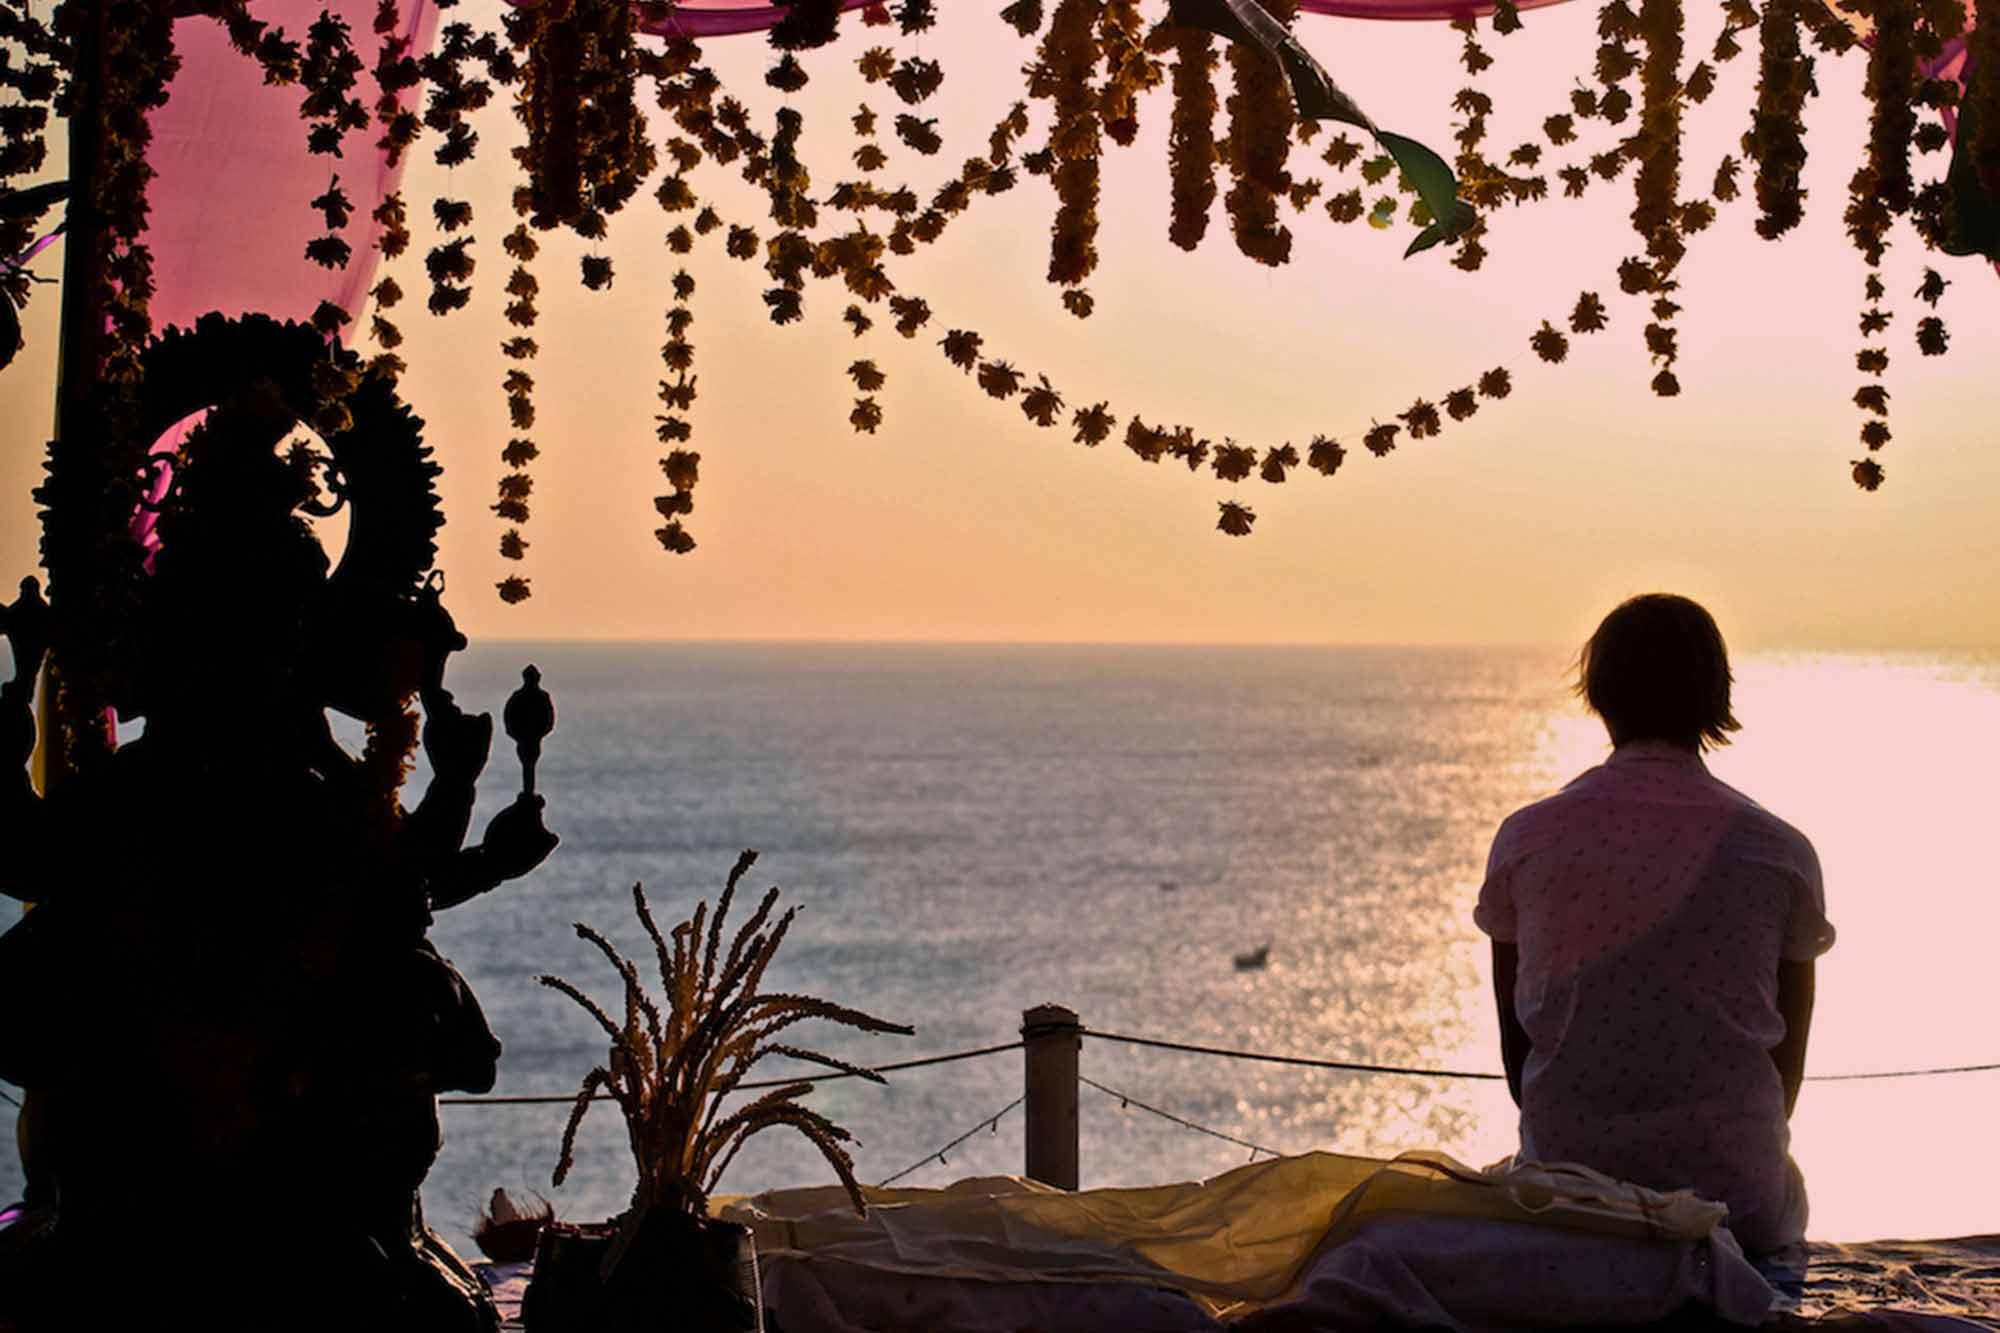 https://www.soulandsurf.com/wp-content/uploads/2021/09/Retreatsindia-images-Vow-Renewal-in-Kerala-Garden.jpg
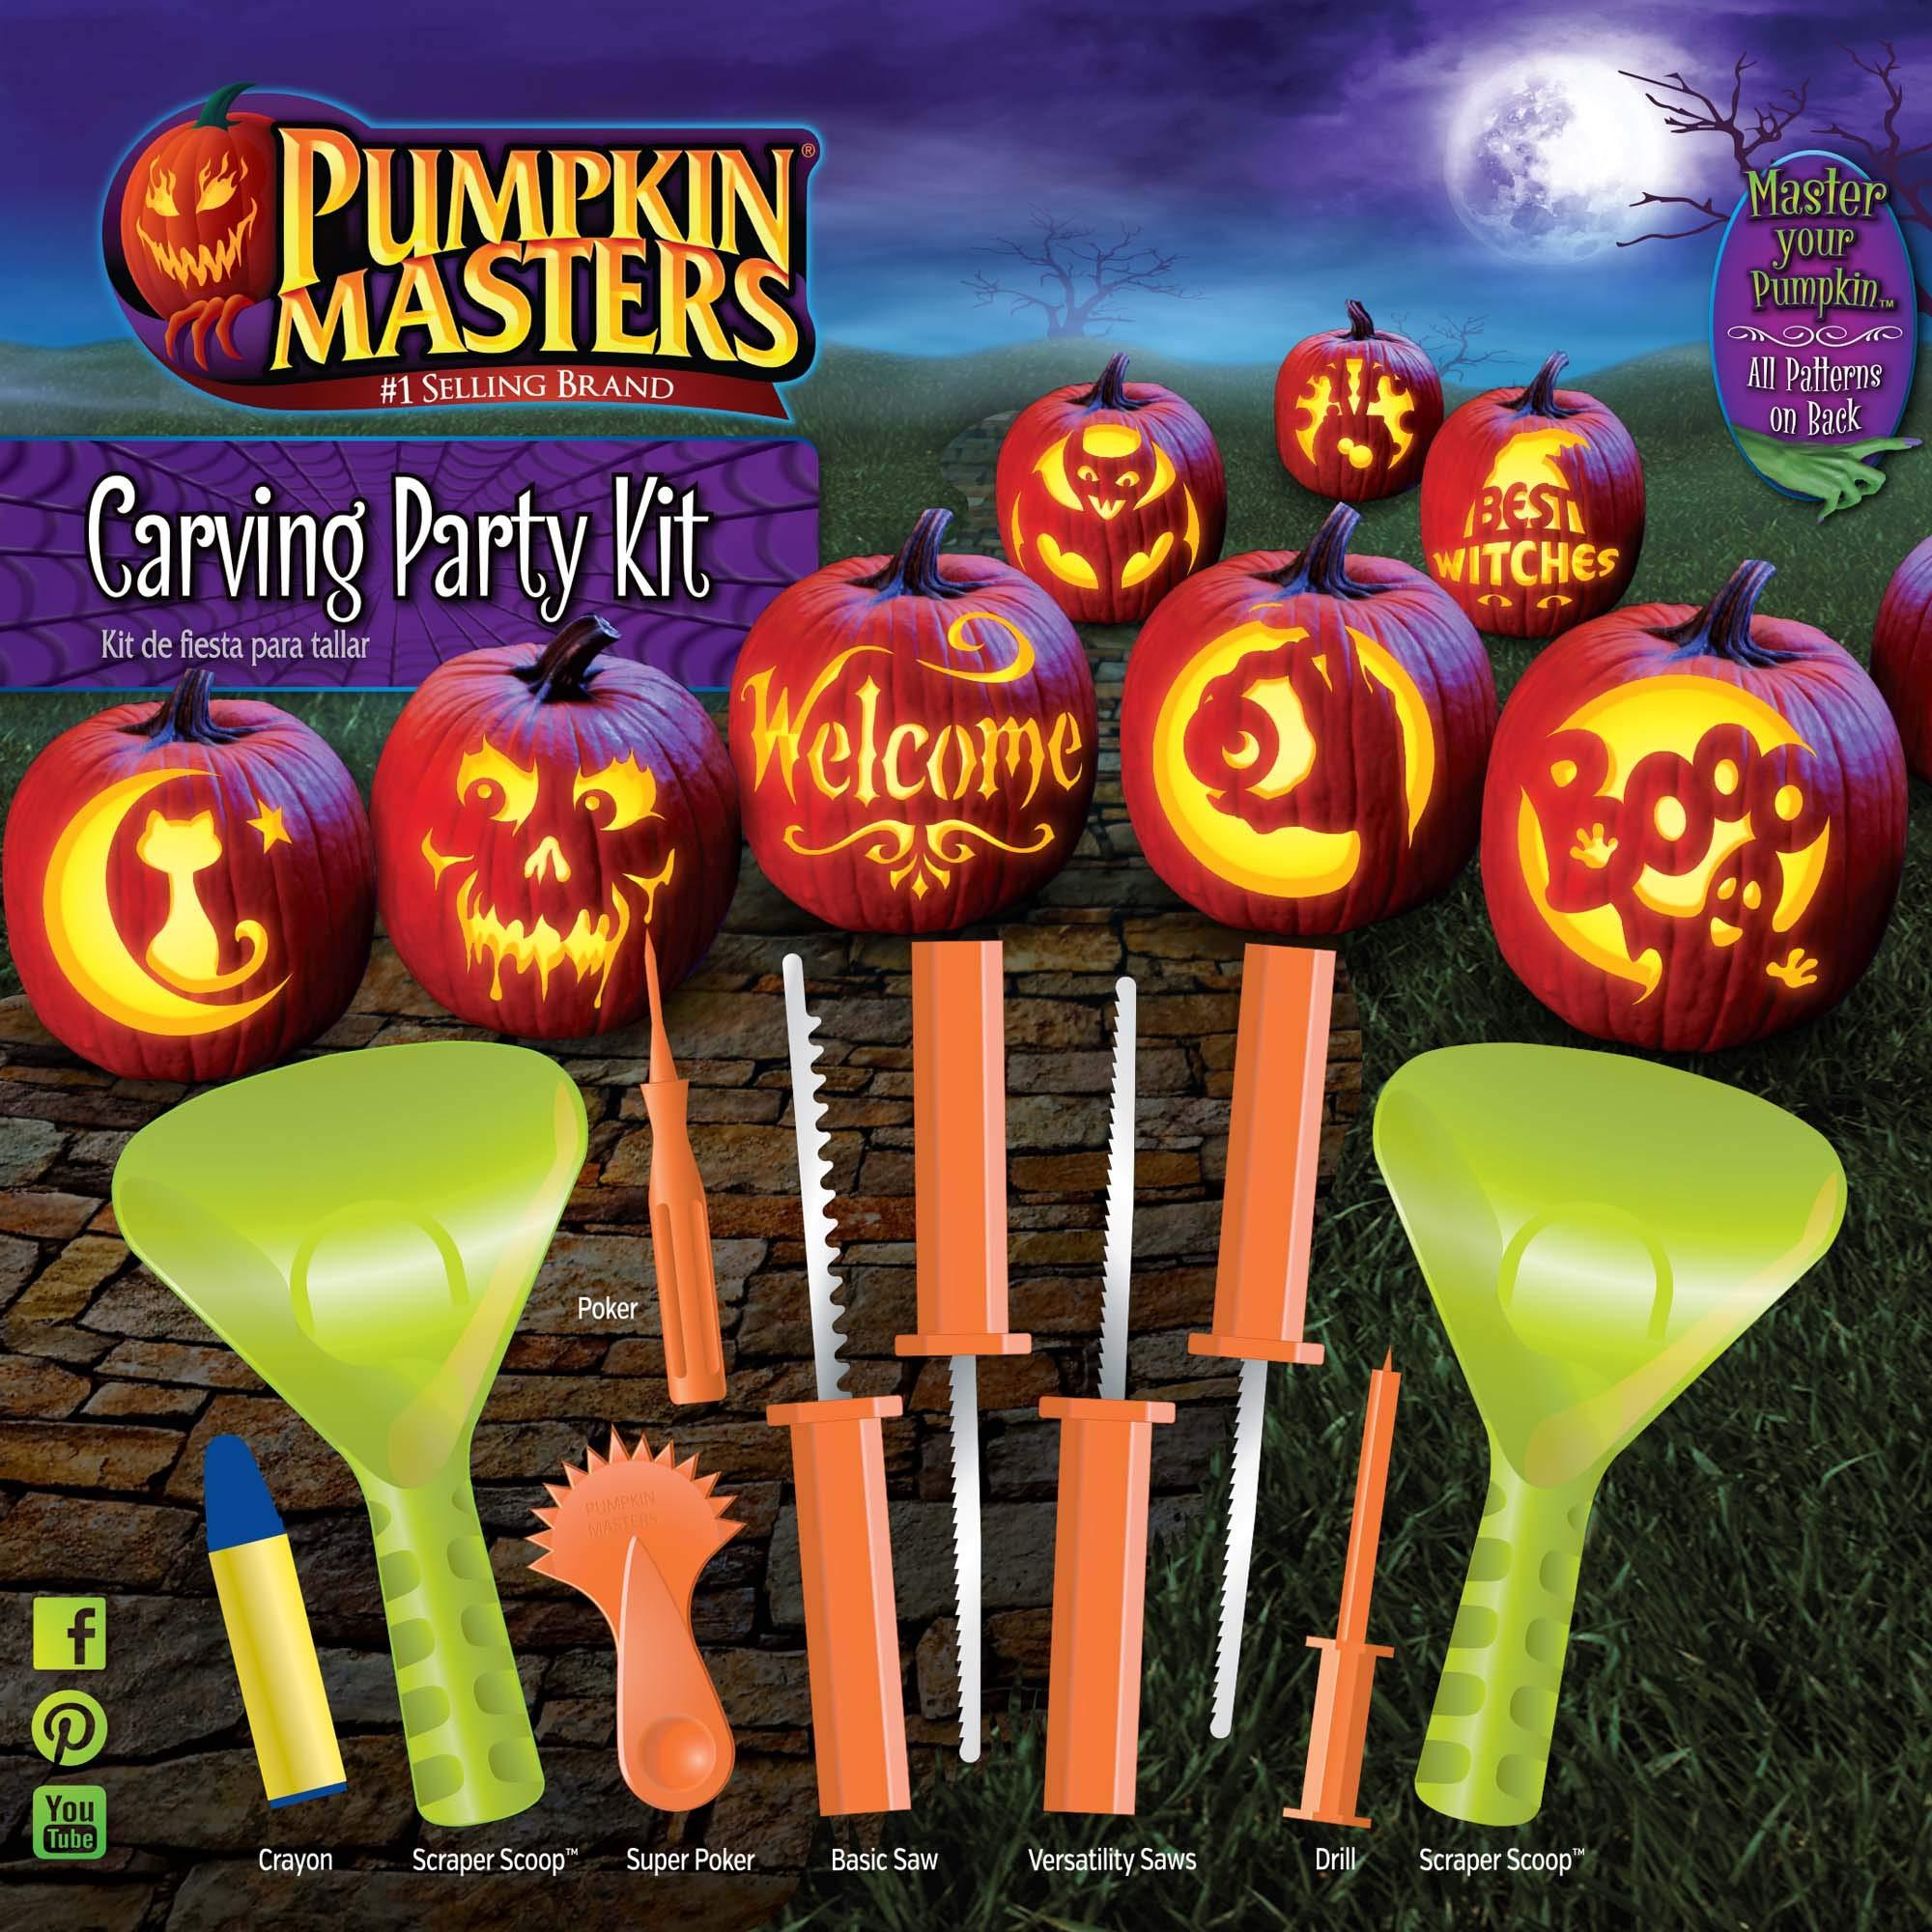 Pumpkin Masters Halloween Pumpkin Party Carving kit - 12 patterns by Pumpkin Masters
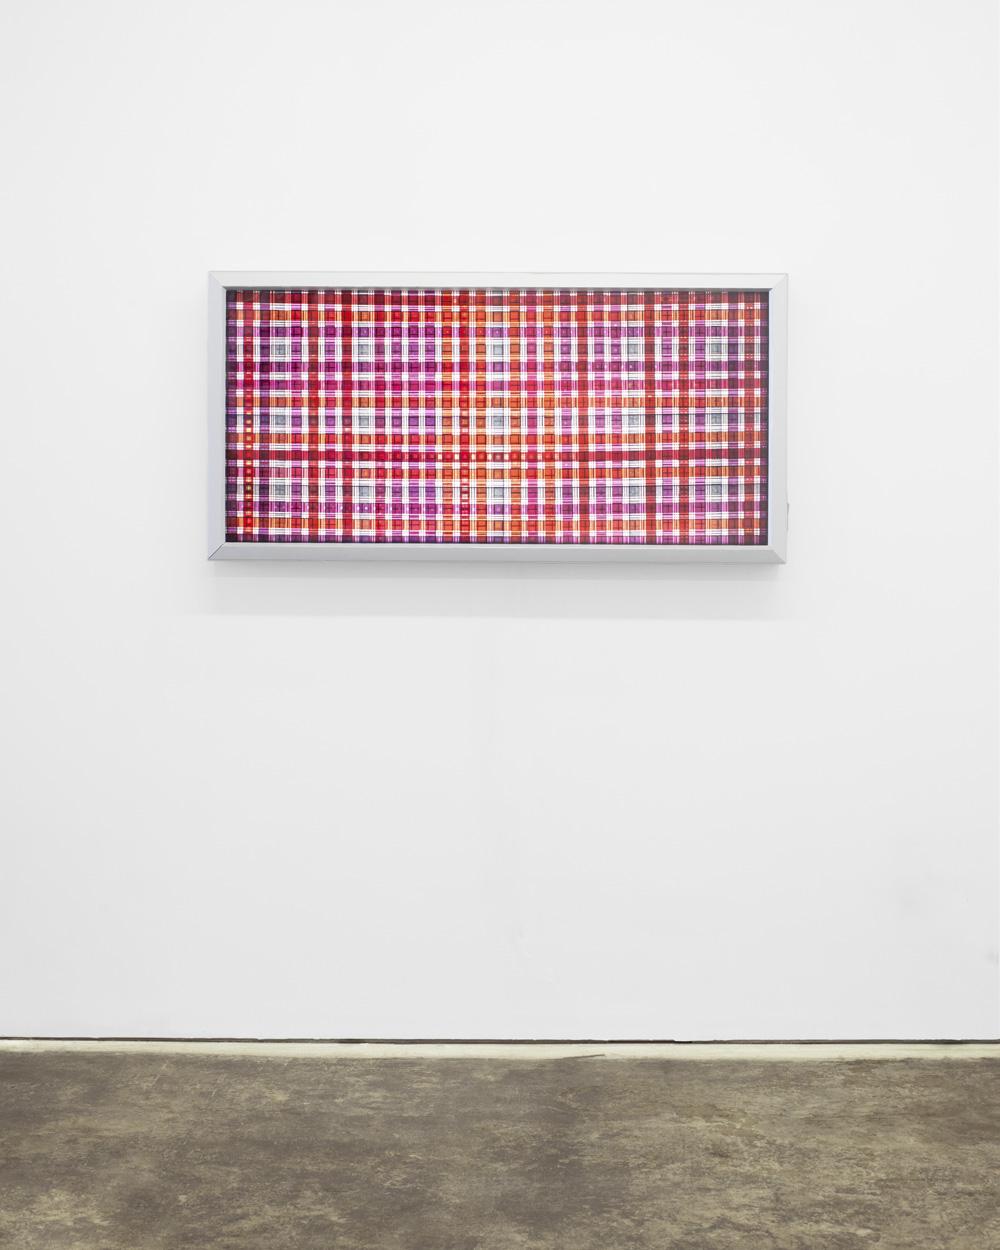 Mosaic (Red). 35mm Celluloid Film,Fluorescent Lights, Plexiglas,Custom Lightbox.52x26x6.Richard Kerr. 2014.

◆ What you have to do:
All lines from the one containing "Pumpkin Masters Halloween" to the last line of the data above, both included, should be printed exactly, and the pictures should not appear.

◆ Answer to the problem:
 Pumpkin Masters Halloween Pumpkin Party Carving kit - 12 patterns by Pumpkin Masters
 Mosaic (Red). 35mm Celluloid Film,Fluorescent Lights, Plexiglas,Custom Lightbox.52x26x6.Richard Kerr. 2014.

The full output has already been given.